Iron has a density of 7.86 \(\mathrm{g} / \mathrm{cm}^{3}\) and crystallizes in a body-centered cubic lattice. Show that only 68\(\%\) of a body-centered lattice is actually occupied by atoms, and determine the atomic radius of iron.

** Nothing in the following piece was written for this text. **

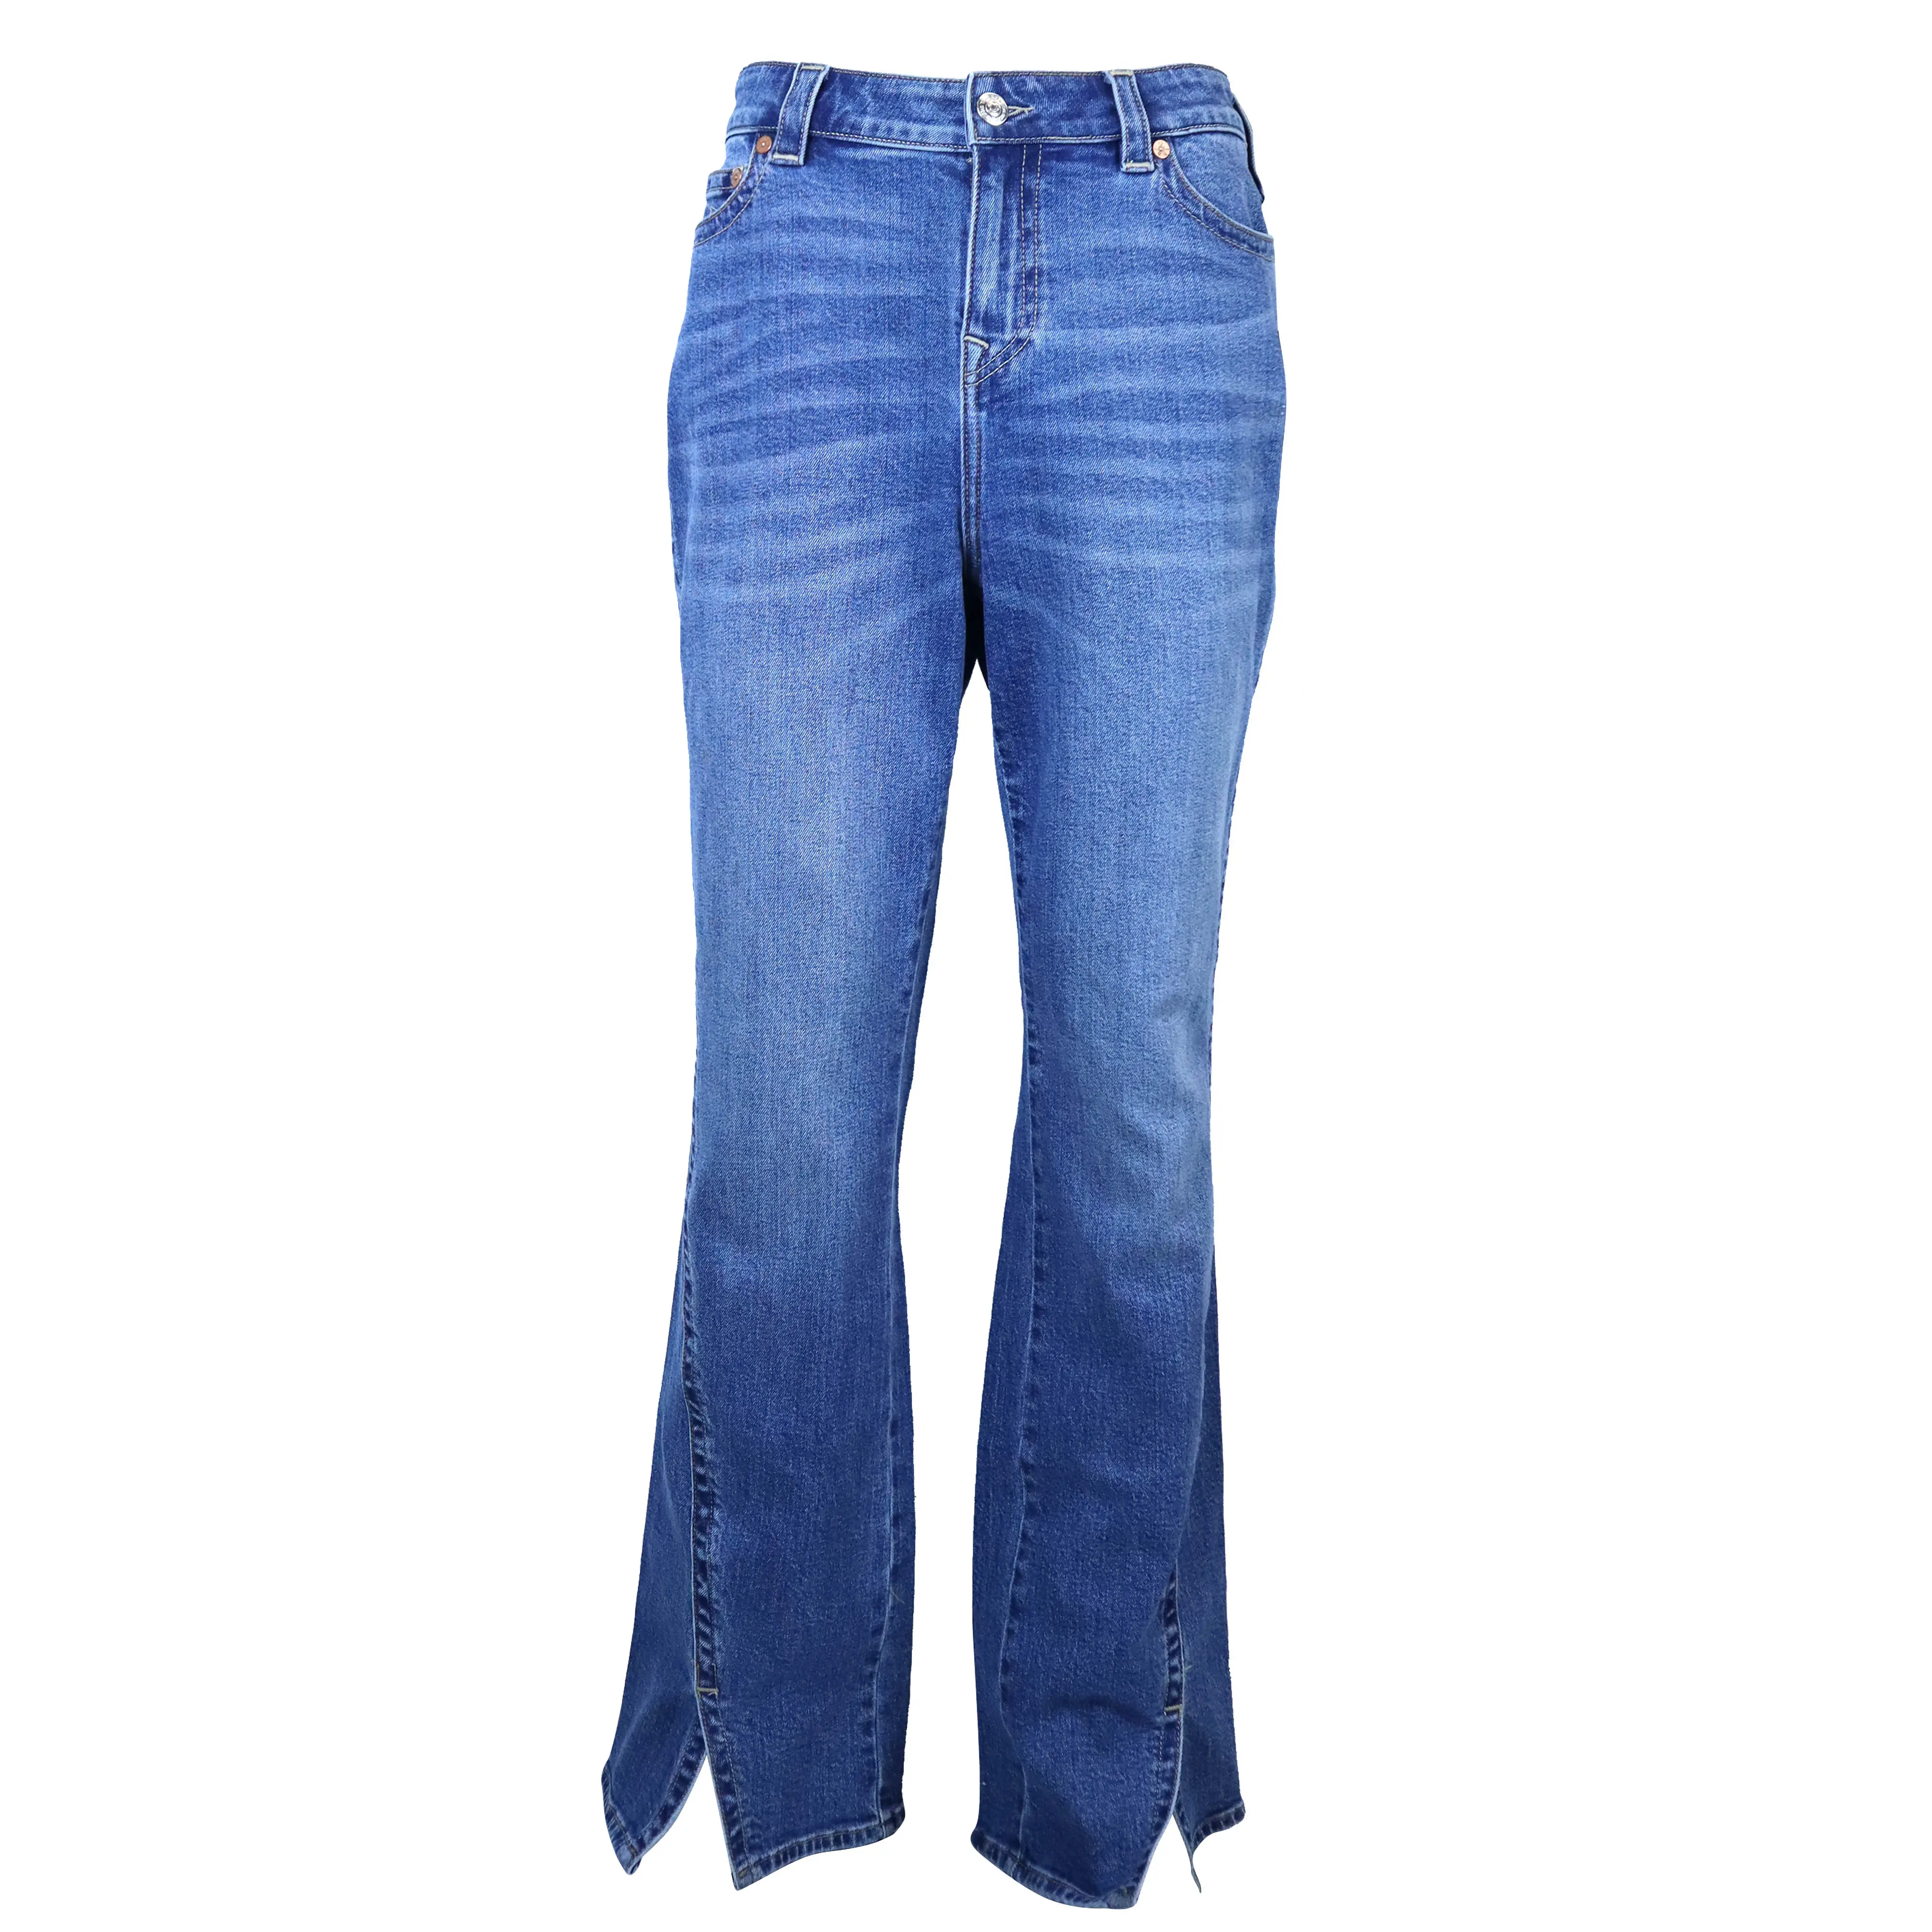 Denim kustom Hip Hop Streetwear desainer longgar bermerek antik dua lapisan Jacquard digunakan Flare Bootcut Jeans pria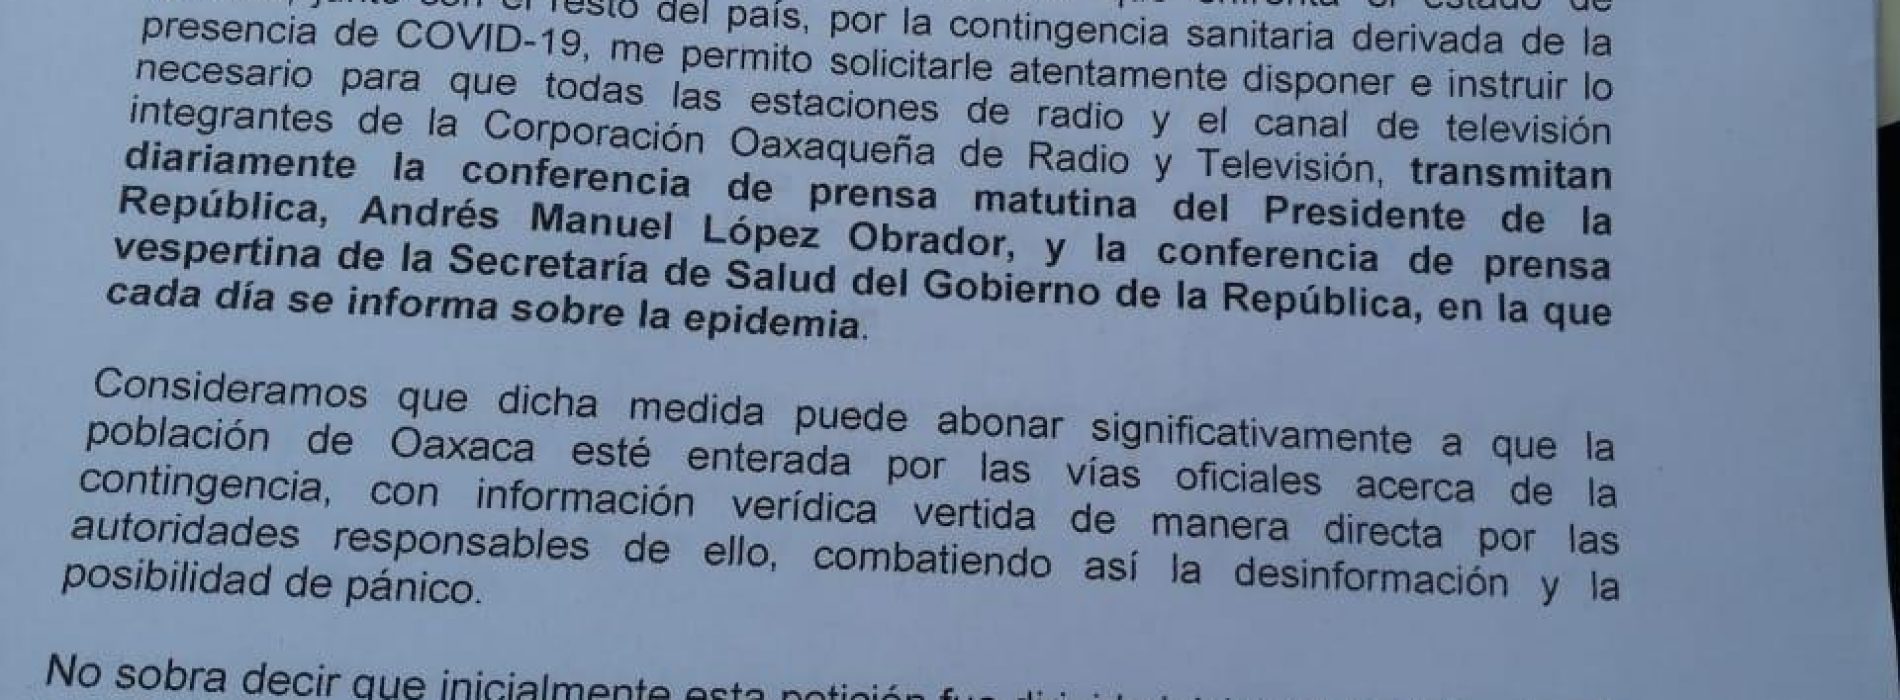 Medios institucionales de Oaxaca deben combatir desinformación ante contingencia sanitaria: Magaly López

In a body-centered cubic (BCC) lattice, there are 8 atoms at the corners of the unit cell and 1 atom at the center of the unit cell. Each corner atom is shared by 8 adjacent unit cells, so the total contribution of corner atoms to the overall lattice count is equal to 8 * (1/8) = 1 atom. The center atom, clearly, contributes 1 atom to the lattice. Therefore, the total number of atoms in a BCC lattice is 1 + 1 = 2 atoms. A BCC lattice has a side length 'a'. As the BCC lattice has a central atom, we form a right-angled triangle with the side length 'a' and a diagonal, which is 4 times the atomic radius of the lattice element, i.e., 4r. Using Pythagorean theorem: \(a^2 + a^2 = (4r)^2\) We know that the volume of the unit cell is a^3. Therefore: \(a^3\)= \(\frac{(4r)^2}{2} * a\) The volume of 2 atoms in a BCC lattice is: \(Volume_{atoms}\) = \(2 * \frac{4}{3} * \pi * r^3\) Now we can find the packing efficiency as: \(Packing \thinspace Efficiency\)= \(\frac{Volume_{atoms}}{a^3}\) * 100

We know that the density of a substance can be given by the formula: \(Density\)= \(\frac{Mass}{Volume}\) For the BCC lattice of iron, we have: \(Density\)= \(\frac{2 * Molar \thinspace Mass_{Iron}}{a^{3} * Avogadro's \thinspace Number}\) Given the density of iron as 7.86 g/cm³, we can rewrite the equation as: \(7.86\)= \(\frac{2 * 55.847 \thinspace g/mol}{a^{3} * 6.022 \times 10^{23} atoms/mol}\) From Step 1, we know that: \(a^3\)= \(\frac{(4r)^2}{2} * a\) Substituting the value of a³, we get: \(7.86\)= \(\frac{2 * 55.847 \thinspace g/mol}{(\frac{(4r)^2}{2} * a) * 6.022 \times 10^{23} atoms/mol}\) Now substitute the value of a from Step 1: \(7.86\)= \(\frac{2 * 55.847 \thinspace g/mol}{(\frac{(4r)^2}{2} * (\sqrt{2}\times 4r) ) * 6.022 \times 10^{23} atoms/mol}\) Solving for the atomic radius 'r', we get: \(r \approx 1.24 \thinspace Å \) Now we can substitute this value in the Packing Efficiency formula we derived earlier: \(Packing \thinspace Efficiency \approx \frac{2 * \frac{4}{3} * \pi * (1.24)^3}{(\sqrt{2}\times 4* 1.24)^3}\) * 100 \(Packing \thinspace Efficiency \approx\) 68 % Thus, it's shown that only 68% of a body-centered lattice is actually occupied by atoms, and the atomic radius of iron is approximately 1.24 Å.